Reputation: 45
I'm following a Udemy course on learning BS4 and it seems to be a bit outdated so I'm having trouble with this part.
The objective is to scrape the price of this TV from this amazon page, and in the course the instructor also gets this error and says he fixes it by changing the class name he's searching for via findAll. I tried the same thing (meaning different class not the same one he used) and was met again with the attribute error.

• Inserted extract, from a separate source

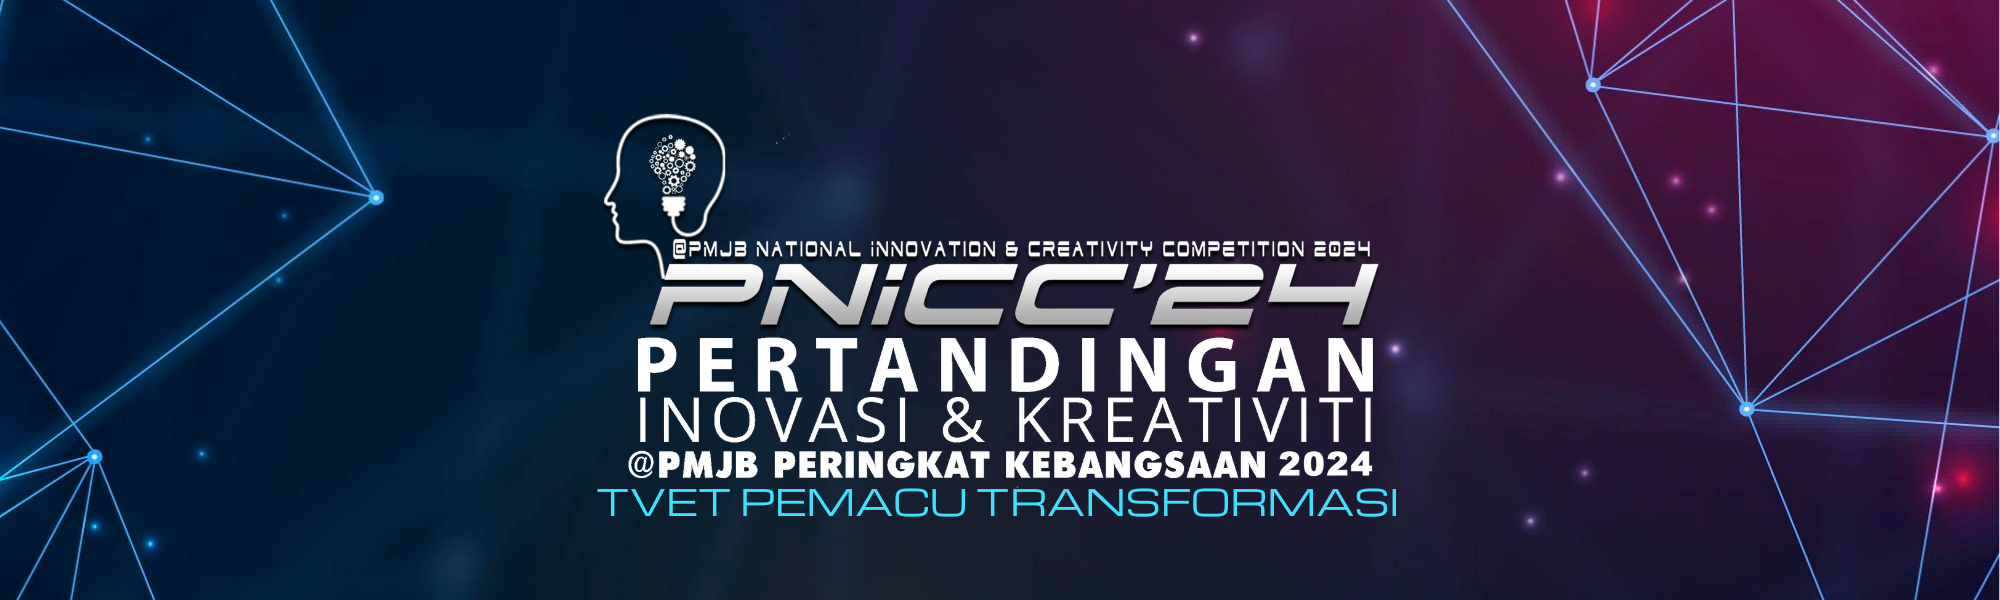 PNICC21_header

According to the answer for a similar issue, the class being searched for didn't contain what was being looked for, but I don't believe the same is happening to me.
The code: https://pastebin.com/SMQBXt31 `
from datetime import datetime
import requests
import csv
import bs4
USER_AGENT = "Mozilla/5.0 (Macintosh; Intel Mac OS X 10_15_7) AppleWebKit/605.1.15 (KHTML, like Gecko) Version/15.3 Safari/605.1.15"
REQUEST_HEADER = {
"User-Agent": USER_AGENT,
"Accept-Language": "en-US, en;q=0.5"
}
def get_page_html(url):
res = requests.get(url=url, headers=REQUEST_HEADER) #res = response
return res.content
def get_product_price(soup):
main_price_span = soup.find("span", attrs={
"class": "a-price aok-align-center reinventPricePriceToPayPadding priceToPay"
})
price_spans = main_price_span.findAll("span")
for span in price_spans:
price = span.text.strip().replace("$", "").replace(",", "")
print(price)
def extract_product_info(url):
product_info = {}
print(f"Scraping URL: {url}")
html = get_page_html(url)
soup = bs4.BeautifulSoup(html, "lxml")
product_info["price"] = get_product_price(soup)
if __name__ == '__main__':
with open("amazon_products_urls.csv", newline="") as csvfile:
reader = csv.reader(csvfile, delimiter=",")
for row in reader:
url = row[0]
print(extract_product_info(url))
`
Upvotes: 0
Views: 44
Reputation: 16187
There are lot of spans
from that you have to select only the price span class correctly which are located in [class="a-size-mini olpWrapper"]
price_spans = main_price_span.find_all("span",class_="a-size-mini olpWrapper")
for span in price_spans:
price = span.text.strip().replace("$", "").replace(",", "")
print(price)
#OR
price_spans =[x.get_text(strip=True).replace("$", "") for x in main_price_span.find("span",class_="a-size-mini olpWrapper")]
Upvotes: 1